- Directed by: Lucio Fulci
- Screenplay by: Vittorio Metz; Amedeo Sollazzo;
- Starring: Franco Franchi; Ciccio Ingrassia; Monica Randall; Linda Sini; Ignazio Leone;
- Cinematography: Tino Santoni
- Edited by: Pedro del Rey
- Music by: Coriolano Gori
- Production companies: IMA Productions; Agata Films S.A.;
- Distributed by: Medusa Cinesco
- Release dates: 25 November 1965 (Turin, Italy); 19 July 1967 (Bilbao, Spain);
- Running time: 90 minutes
- Countries: Italy; Spain;

= 002 Operazione Luna =

1965 film directed by Lucio Fulci

002 operazione Luna is a 1965 science fiction comedy film directed by Lucio Fulci. The film stars Franco and Ciccio, Mónica Randall and Linda Sini.

==Plot==
KGB authorities abduct two criminals (Franco and Ciccio) who look precisely like missing spacemen and pretend they are the returning cosmonauts. They launch them in a rocket so that they can land in public view, leading the populace to believe it was the original spacecraft that had returned. The two criminals look so much like the astronauts that they even fool their wives. Later, however, the actual spacecraft returns to Earth undamaged, and the plan goes awry. In the end, Franco and Ciccio stay in Russia, and the real astronauts relocate to Italy.

==Production==
002 operazione luna was an Italian and Spanish co-production between Ima Film based in Rome and Agata Film based in Madrid.

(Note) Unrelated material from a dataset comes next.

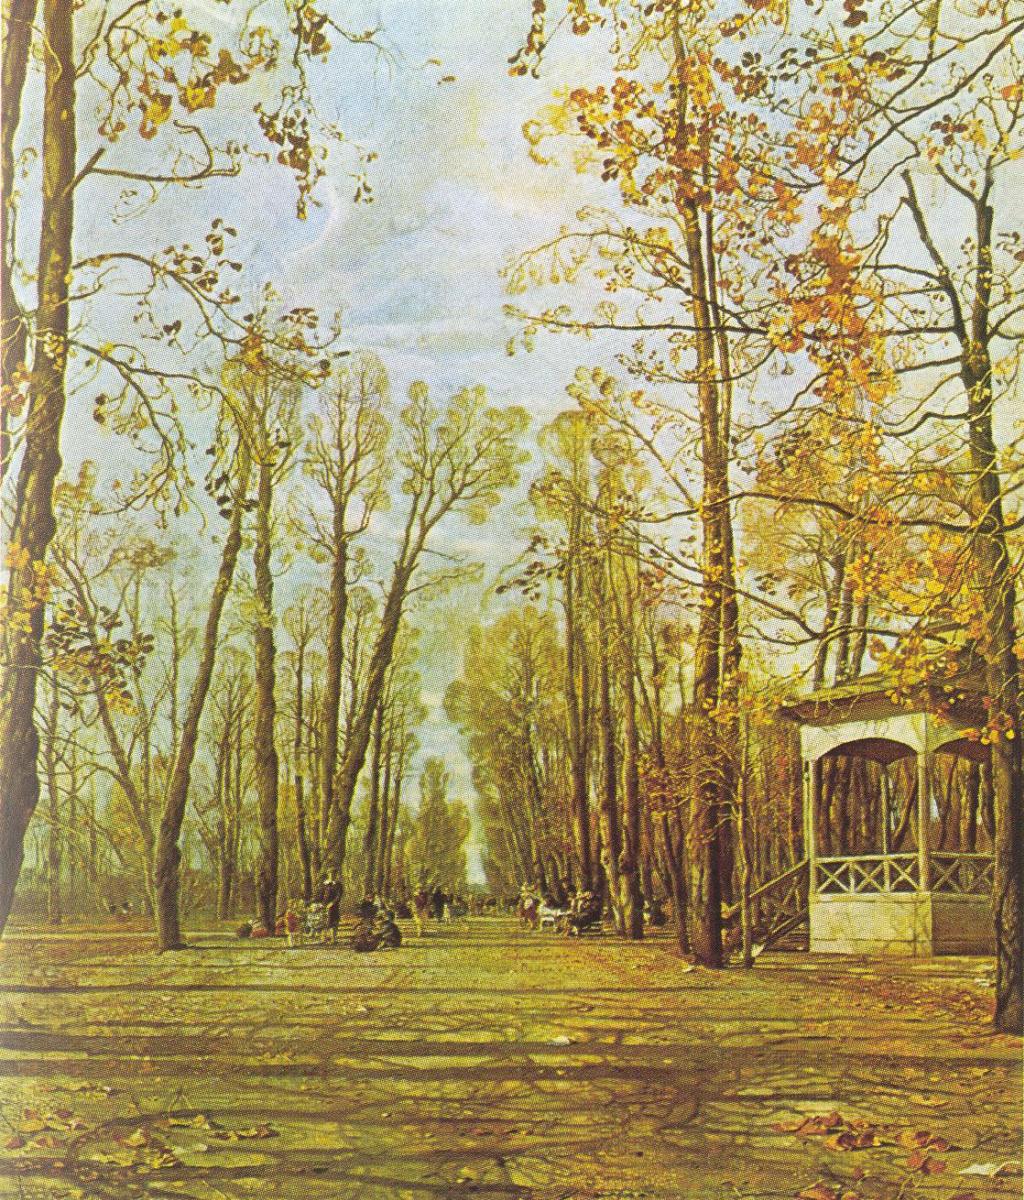 Isaac Brodsky. Summer Garden alley in autumn

Director Lucio Fulci stated that both 002 operazione luna and The Two Parachutists had more restrictions put on him than usual. Fulci explained that both films were shot in seven weeks. Despite the 002 in the title, the film is not a spy spoof and there are few scenes set in outer space. Along with Warriors of the Year 2072, this film was among the two films that had Fulci attempt a science fiction themed production.

Fulci has proclaimed that to film the scene where a space ship takes off in the film, he used four lights and a black cloth over a stage with a lot of little bulks on the floor for stars, all filmed in slow motion. Fulci referred to this special effect as "a source of pride for me!". Troy Howarth, a Fulci biographer, commented that Fulci's memory must have been faulty, since he claims that scene in the film was all done using stock footage.

==Release==
002 operazione luna was distributed theatrically in Italy by Medusa Disribuzione. It was first released in Turin, Italy on November 25, 1965 followed by screenings in both Taranto and Foccia on December 1, 1965 and in the next year in Rome on March 19, 1966.

In Spain, it was distributed by Cinesco first being released in Bilbao on July 19, 1967 and then Barcelona on November 5, 1967 and Madrid on July 16, 1969. It was released in Spain as Dos cosmonautas a la fuera by the distributor Cinesco.